■ Dataset section
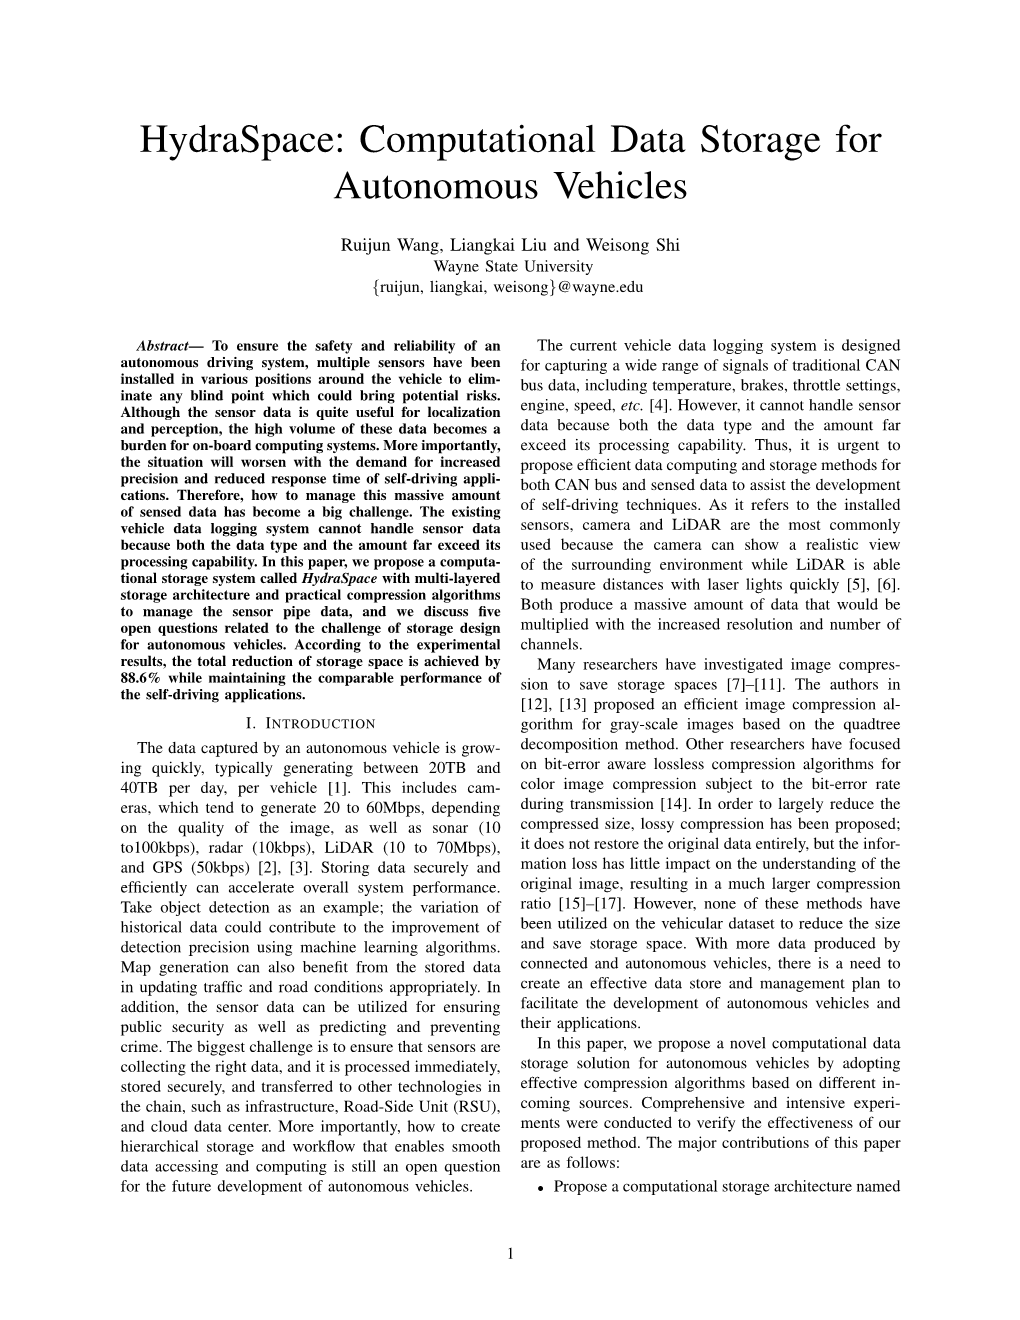 Hydraspace: Computational Data Storage for Autonomous Vehicles
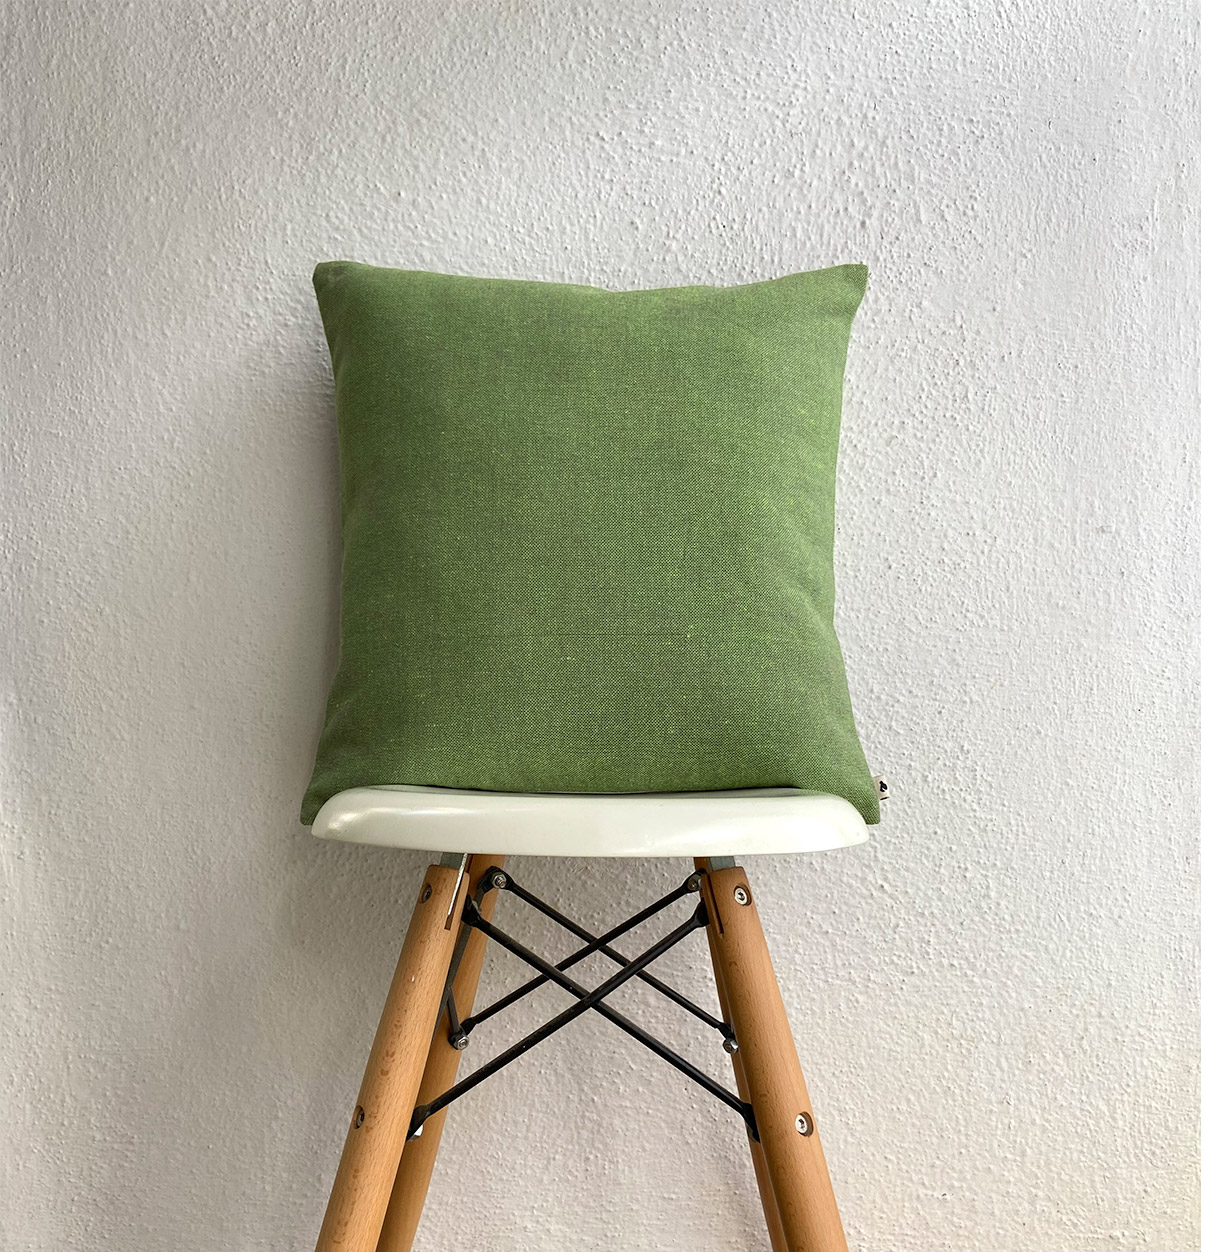 Chambray Cotton Cushion cover Fern Green 16″x16″
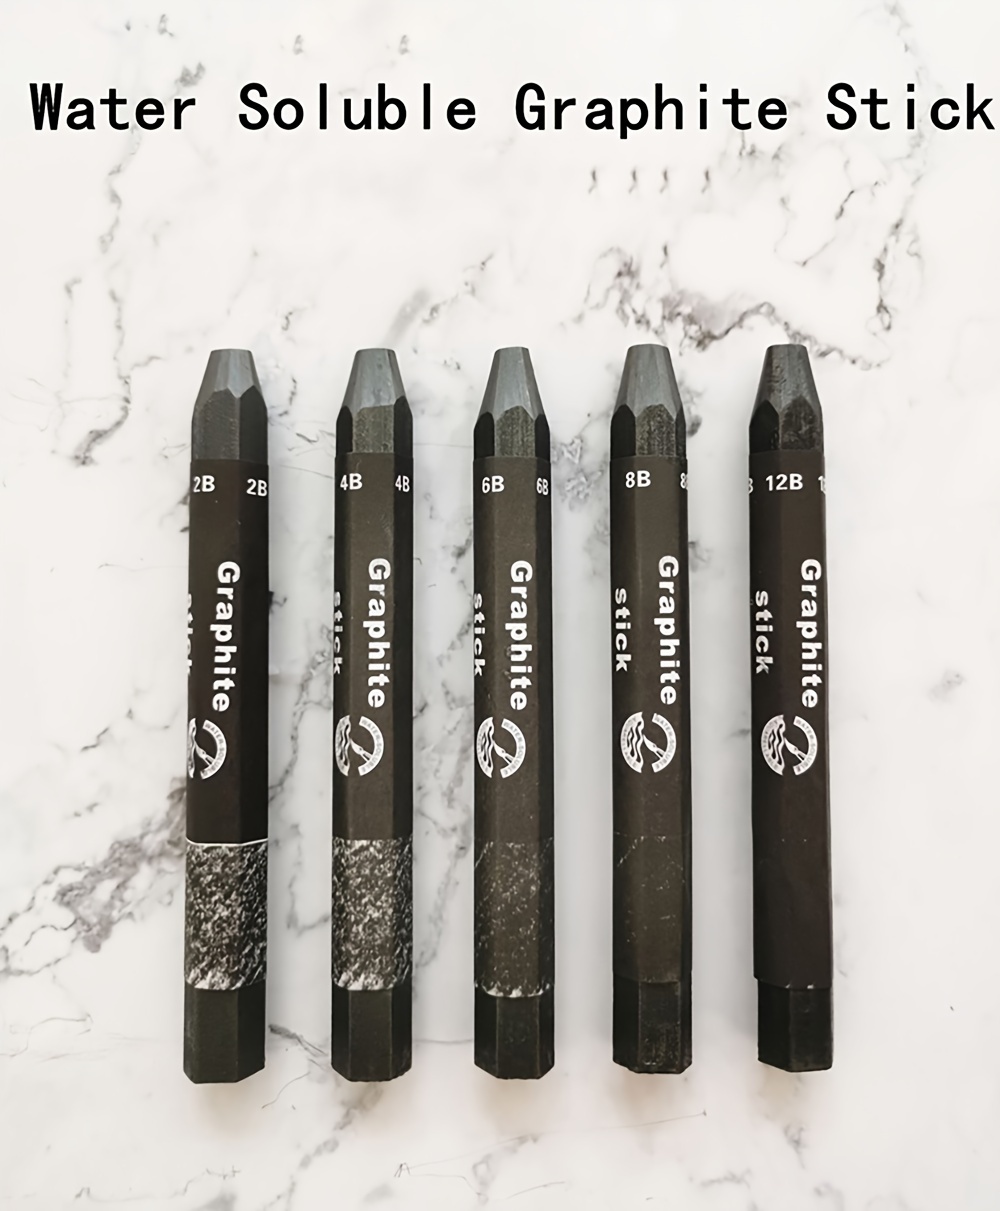 preloved] Watersoluble Graphite Sticks
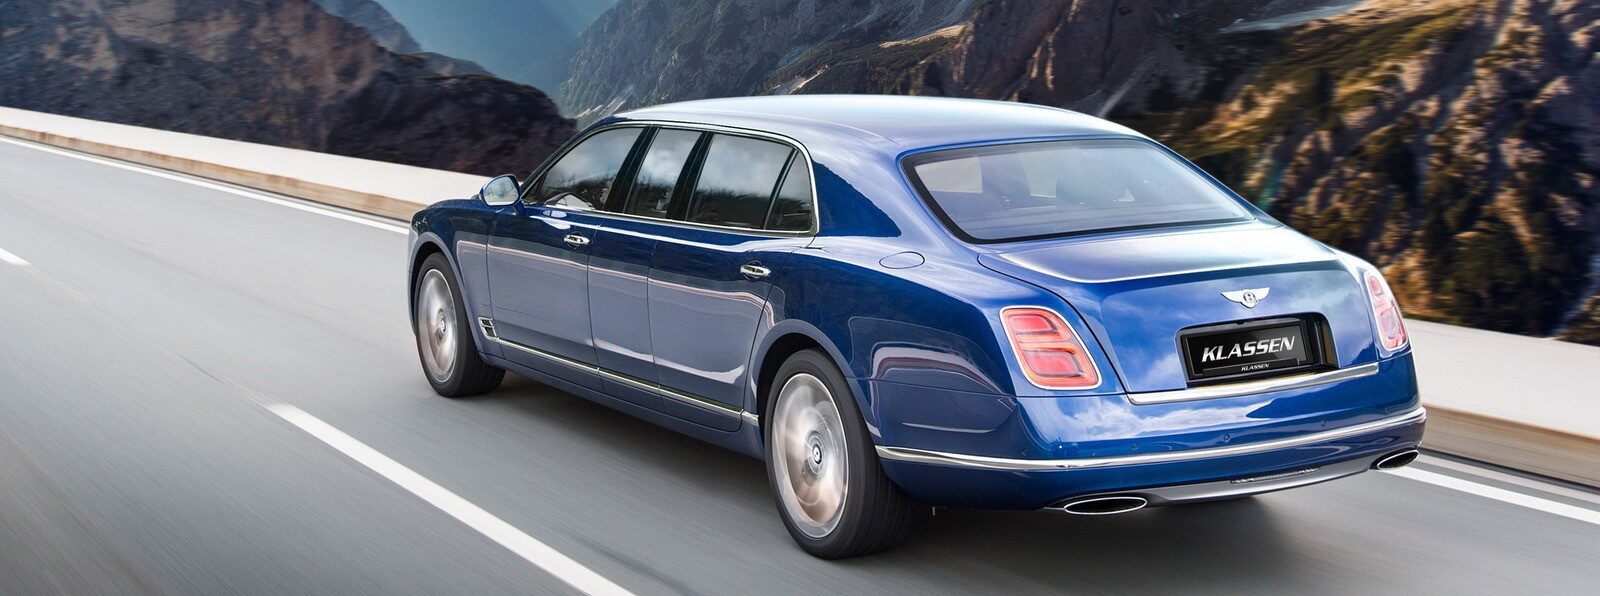 Bentley Mulsanne Limo настоящий соперник Rolls-Royce Phantom

■ What you should do
The task requires restating verbatim the lines from the one that holds "preloved] Watersoluble Graphite Sticks" through the end of the listing, both ends counted, and no pictures.

■ Answer space
 preloved] Watersoluble Graphite Sticks
 Bentley Mulsanne Limo настоящий соперник Rolls-Royce Phantom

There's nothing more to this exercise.